If the Offeror succeeds in garnering acceptances exceeding 90% of the total number of issued Shares, it intends to delist the Company.
Leading global investment firm KKR intends to fund the Offer by providing a hybrid combination of debt and structured equity financing to the Offeror, primarily from pools of capital including KKR’s Private Credit Opportunities II fund and proprietary investment vehicles.

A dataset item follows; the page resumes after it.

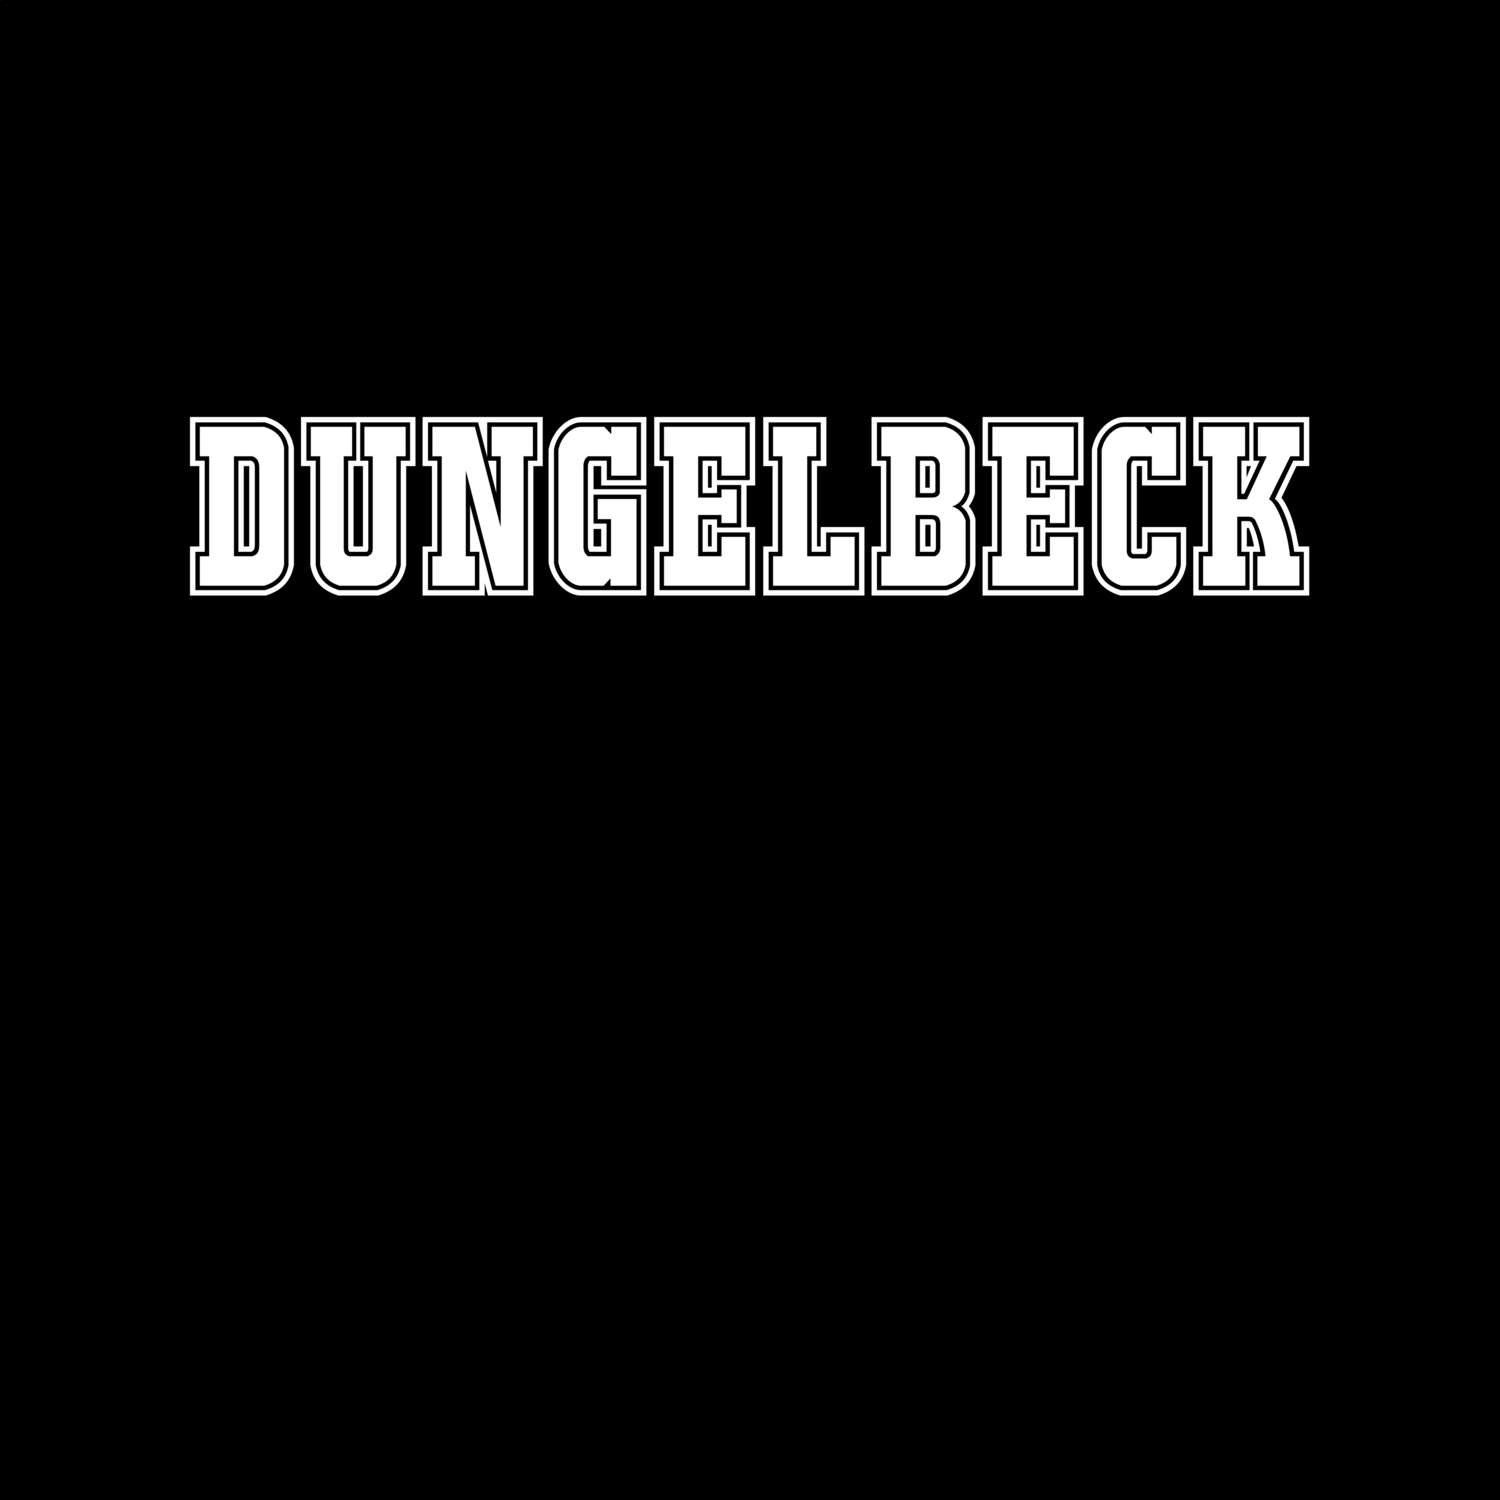 Dungelbeck T-Shirt »Classic«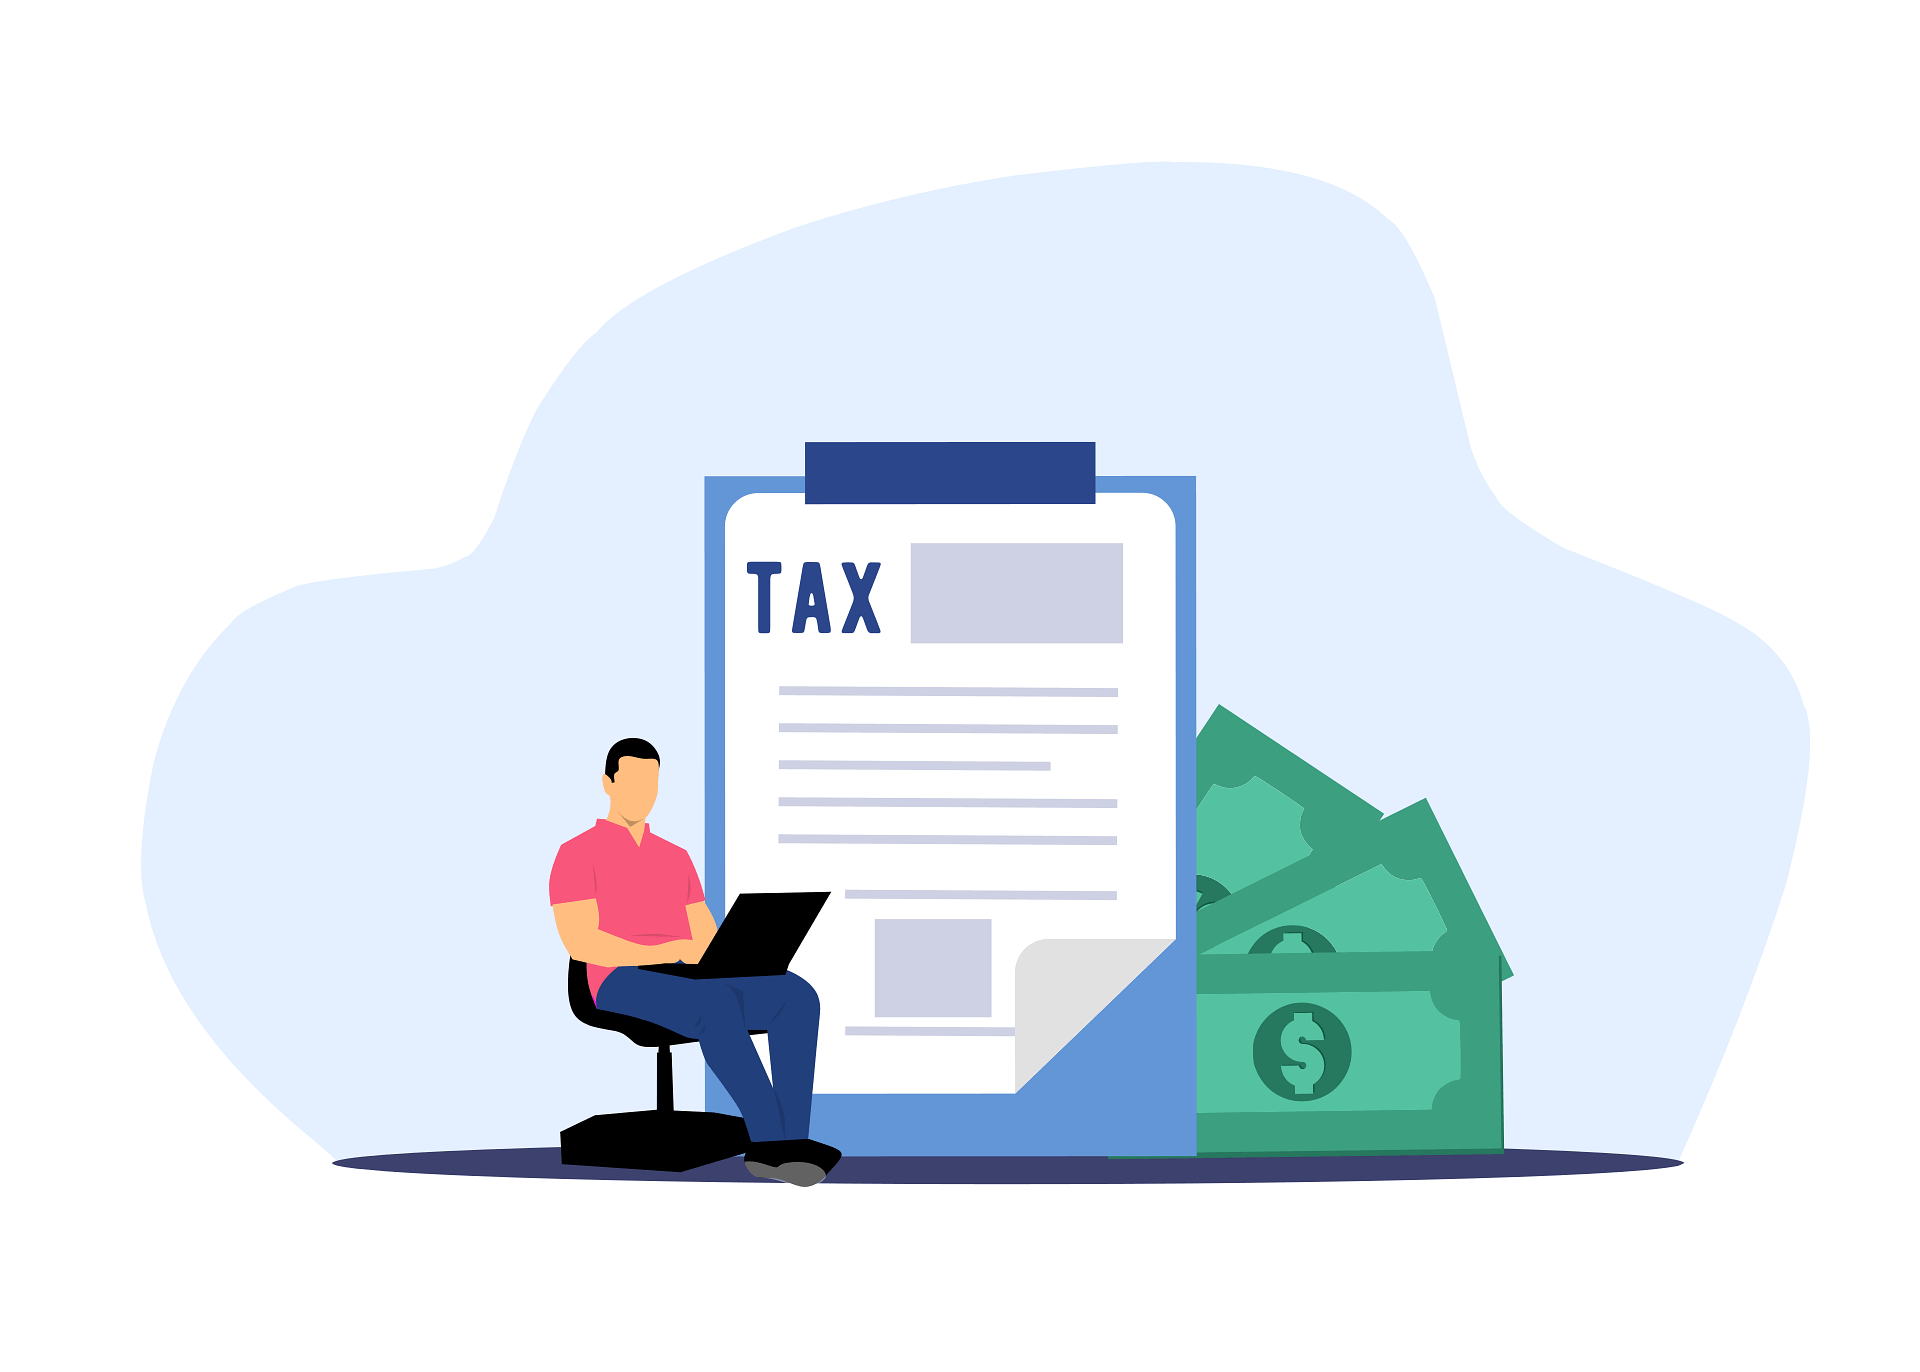 Tax Image

Lee Cheng Chye, a Director of the Offeror, said, “Our family welcomes the financing solution provided by KKR. The innovative structure of the deal enables us to continue owning the Company and we look forward to go on working with the Company’s existing management team and employees in partnership with KKR.” Lee Cheng Chye is also an Executive Director and the Chief Executive Officer of 800 Super.
Ashish Shastry, Member & CEO of KKR Southeast Asia, said, “KKR’s primary goal in this region is to work with great entrepreneurs and the founding families of homegrown businesses. We are very flexible on the type of support we provide — in this case, the Lee family required a credit-oriented solution, but we are also working with family groups by making majority or minority equity investments. We are looking forward to doing more with the Lee family and other great entrepreneurial families in Singapore and across Southeast Asia.”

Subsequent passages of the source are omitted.